Church-Affiliated Hospital Pension Plans Exempt from ERISA’s Requirements
Petitioners in the case were three church-affiliated nonprofits that ran hospitals and offered defined-benefit pension plans to their employees. The plans were established by the hospitals rather than by a church and were managed by internal employee-benefits committees. Respondents, current and former employees of the hospitals, had filed class actions alleging that their employers’ pension plans did not fall within ERISA’s “church plan” exemption because the plans had not been established by churches. The District Courts had agreed with the employees’ position, and the Third, Seventh, and Ninth Circuits affirmed those decisions.
The Supreme Court unanimously rejected Respondents’ argument. The Court, led by Justice Kagan, held that while Congress had initially only included plans “established and maintained” by a church in its definition of “church plan,” Congress’s 1980 amendments to the statute had included all plans “maintained by” principal-purpose organizations in that definition. The Court concluded that “a plan maintained by a principal-purpose organization therefore qualifies as a ‘church plan,’ regardless of who established it.” In so holding, the Court also noted that the three federal agencies responsible for administering ERISA (the Internal Revenue Service, Department of Labor, and Pension Benefit Guaranty Corporation) had long read the 1980 provisions as exempting plans like the hospitals’ from ERISA’s mandates.
Justice Sotomayor wrote a separate concurrence. While she was “persuaded that [the Court’s Opinion] correctly interpret[ed] the relevant statutory text,” she was “troubled by the outcome of these cases.” She observed that “the available legislative history [did] not clearly endorse this result” and said “this silence gives me pause.” “The decision to exempt plans neither established nor maintained by a church could have the kind of broad effect that is usually thoroughly debated during the legislative process and thus recorded in the legislative record.”

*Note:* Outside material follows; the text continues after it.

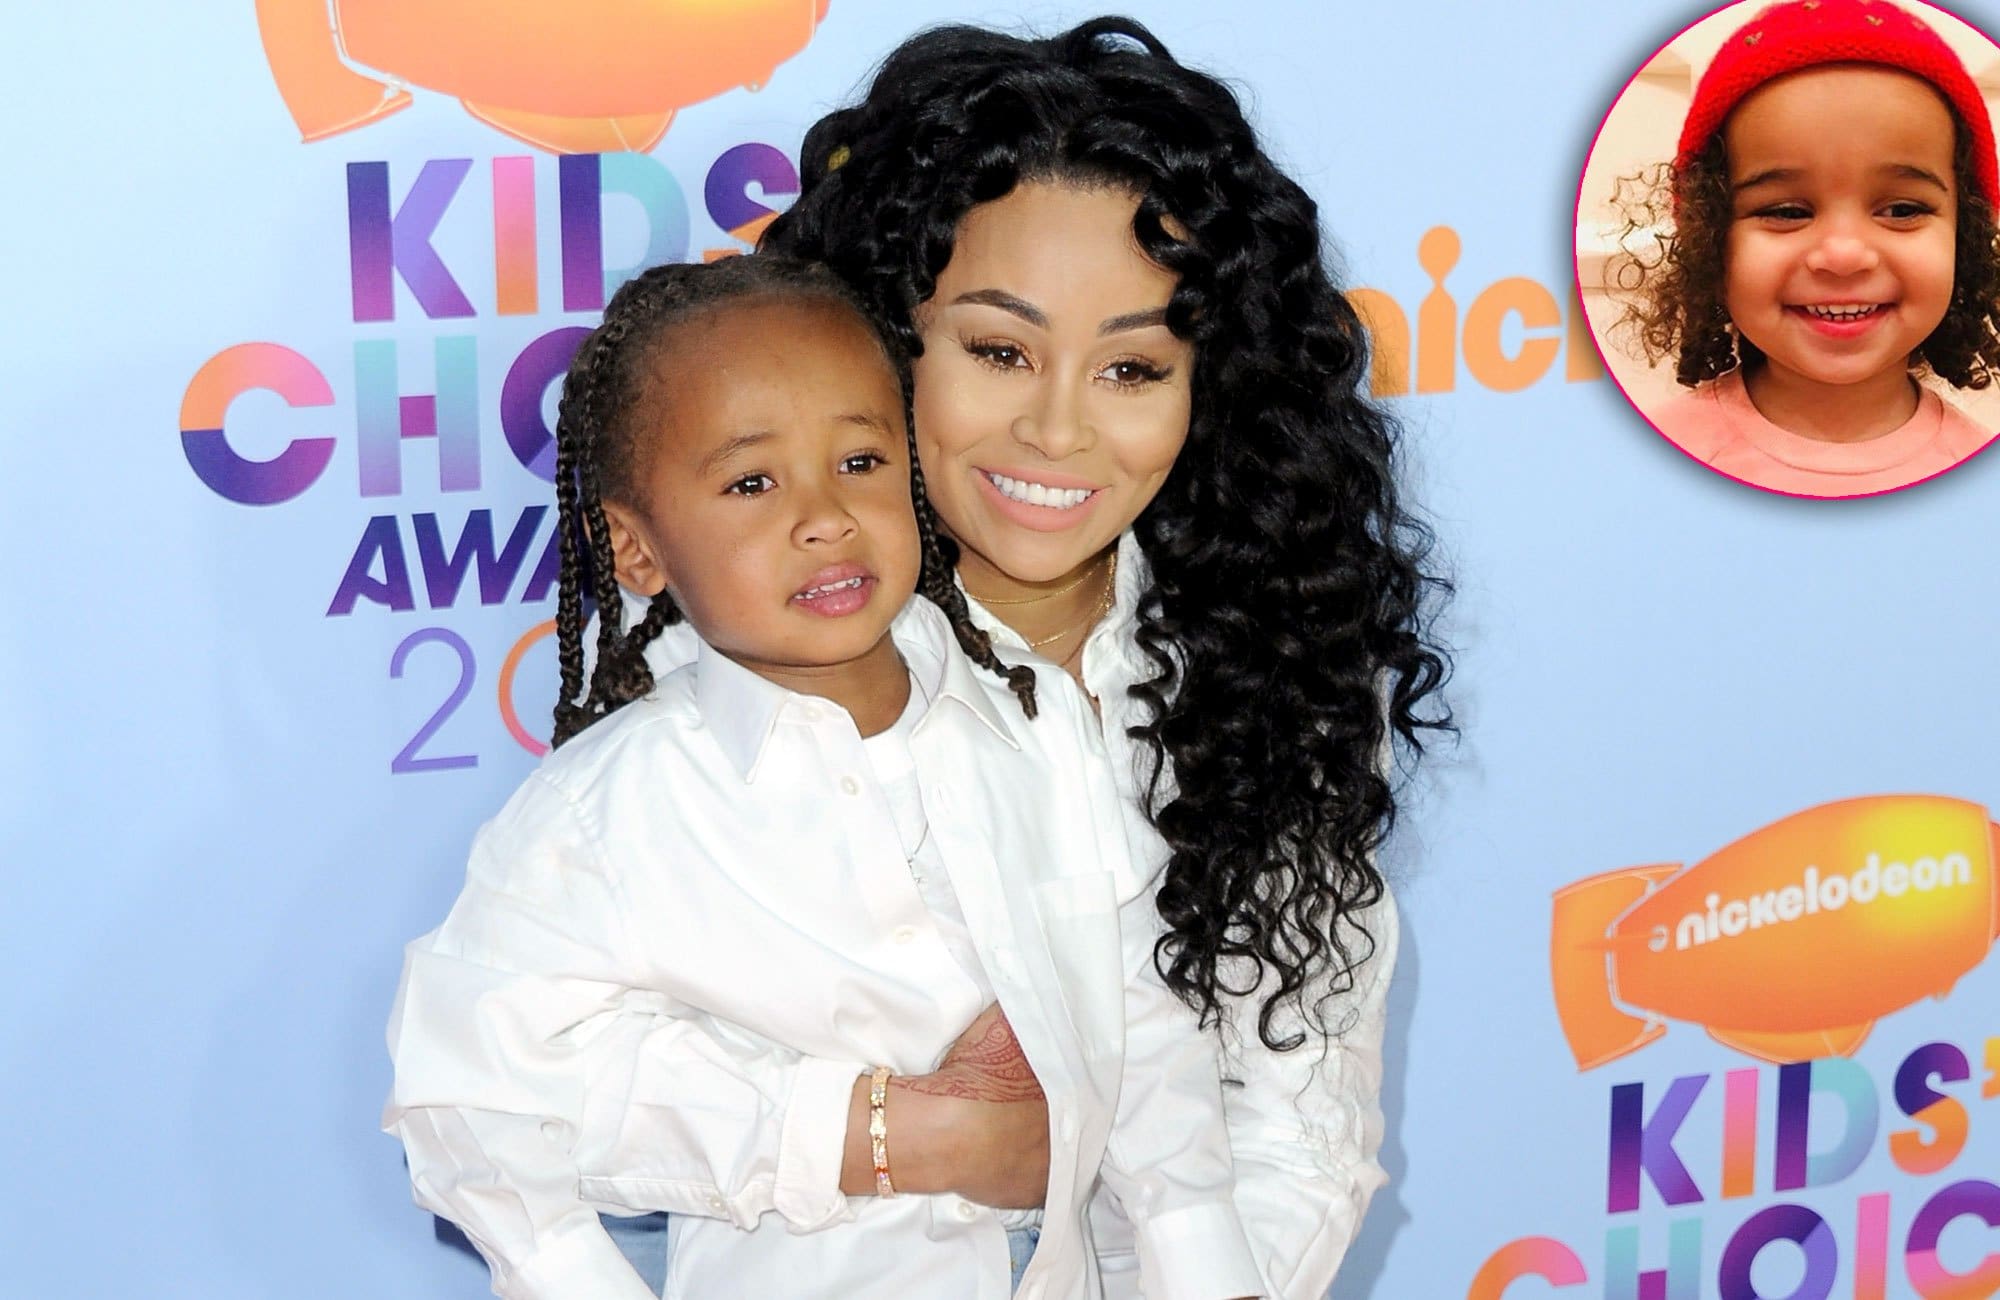 Blac Chyna Is Twining With Her Daughter, Dream Kardashian - Check Out Their Photo Together

Justice Sotomayor also noted that organizations such as those of petitioners bore “little resemblance to those Congress considered when enacting the 1980 amendment to the church plan definition.” They “earn billions of dollars in revenue, and compete in the secular market with companies that must bear the cost of complying with ERISA.” Given this reality, Sotomayor suggested that Congress might be prompted “to take a different path.”
And it certainly draws into question the wisdom of hundreds of millions of dollars that have been paid in settlements of earlier church plan litigation, when the legal landscape looked much different—for example, in October 2016, Providence Health & Services agreed to pay nearly $352 million to settle class action claims that it had underfunded its pension plan by wrongly treating its plan as a “church plan” exempt from ERISA’s funding and vesting requirements.
The downside of this ruling, of course, is the potential impact on the millions of participants and beneficiaries of plans across the country maintained by church-affiliated organizations, such as schools and hospitals. Pursuant to the Court’s decision, they are not protected by ERISA. ERISA provides federal consistent standards under which benefit plans must be operated – all designed to protect participants and beneficiaries. If ERISA does not apply to these plans, protections relating to fiduciary duties, vesting of benefits, funding, insurance, termination procedures, and claims and appeal rights may not exist. As a result of this ruling, therefore, church-affiliated organizations will have more leeway in the structure, design, and operation of their plans. On the other hand, it should not be forgotten that without ERISA preemption, state laws will govern these plans. ERISA’s remedies are limited, whereas conceivably there may be more (or at least different) avenues for relief available to participants and beneficiaries who are harmed by their benefit plans under state law. With ERISA out of the way, claimants are free to pursue state law claims, such as breach of contract, negligence, and statutory claims, against these plans. In addition, plans may also be liable for extra-contractual damages, such as punitive damages, under state law.